There's this tension that the Lord asks us to hold in our hearts in seasons like these: the ache of a longing yet unfulfilled...and the peace of complete trust in His perfect plan and His heart to give us good gifts.

These two sometimes seem mutually exclusive.  How can I really trust God and keep my heart in a position of surrender to His will while praying prayers like "Please bring us our baby soon... Please let this be the one..." Don't I have to shut down these desires, at least partially?  To silence them in order to fully rest in God's sovereignty? To numb myself somehow to the intensity of the ache?

And yet I sense this invitation from the Father:

"Allow your truest, deepest longings to lie open before Me...WHILE you trust Me.

The reality here is that He asks us to do anything BUT shut down our heart and silence our desires.  He asks us to willingly ache before Him... because it's in this ache of longing that He desires to deeply encounter our hearts.

He is asking for our honesty.  With ourselves, before others, and before Him.

In light of that, here are my honest desires:

I long to hold my new little one.  My arms ache for him/her more each day.  I long to teach Isaac to be a big brother.  Isaac is 2 years old now and the disappointment of having my children spaced a little further apart than I was hoping they would be sometimes weighs heavy on my heart.  Sometimes it's hard to trust God's heart to give us His best, to trust that His plan for our family really is perfect.  The truth is, I sometimes really, really wish I could hurry Him along.

AND YET...

He also asks for my trust.  And there are these other desires also, to which I hold tight...and this is where there is tension:

I long to hold my new little one... But even more, I desire His perfect plan, His perfect timing.
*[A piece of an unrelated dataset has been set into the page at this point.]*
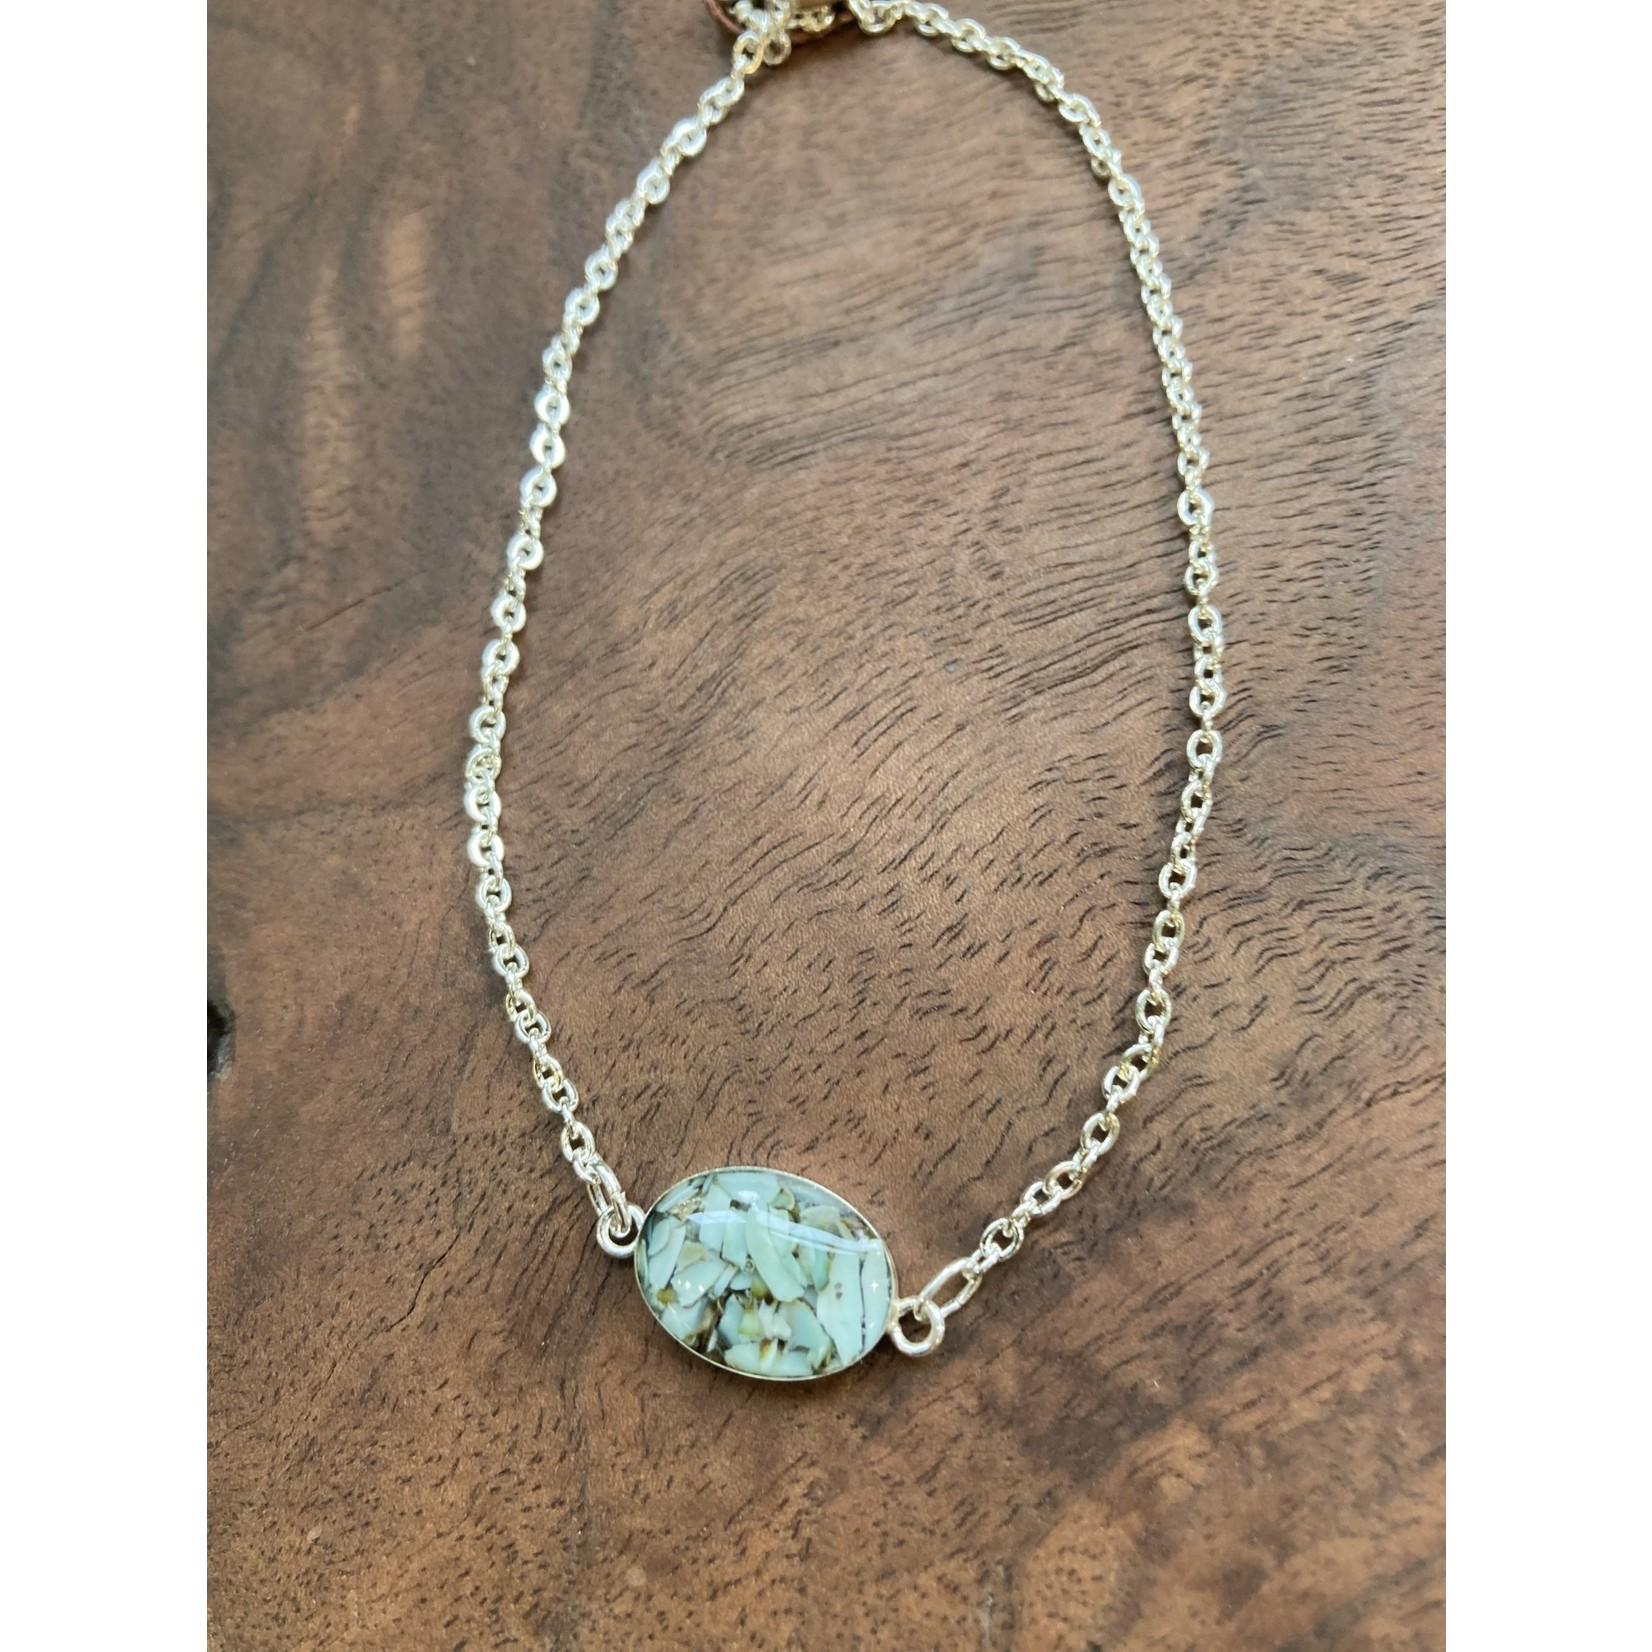 Colleen Hirsh Colleen Hirsh #117 SS limpett oval bracelet

I have to continually remind myself to trust His plan and His heart... and yet I cling to the truth...
  • That He is faithful.
  • That His plan is to give our family His absolute best.
  • That He has the perfect baby and the right birth mom situation picked out just for our family.
  • That He works all things, even [and especially] the aching and longing and waiting, together for our ultimate good and for His greatest glory.
And so... His invitation is simultaneously into trust...and longing.  
Peace...while aching.  
Joy in the midst of the waiting.  
Willingness to hold this tension~ deep desires waiting to be met... along with a sweet rest of faith in His perfect faithfulness.   

"My times are in Your hands...." (Psalm 31:15)

There is intimacy here... deeper trust, deeper leaning into Him, more pressing into His heart... and HE makes it worth it.  All of it.

Oh Father, let me continue to respond well to your invitations even while I wait.

A question to ponder:  Where in your heart do you have God-given longings that are still unfulfilled?  In what places of your life is God asking you to hold this tension also, of aching and trusting?

Be blessed today, friend, to discern His invitation to you, and to hold this tension in your heart with grace... encountering Him deeply as you do.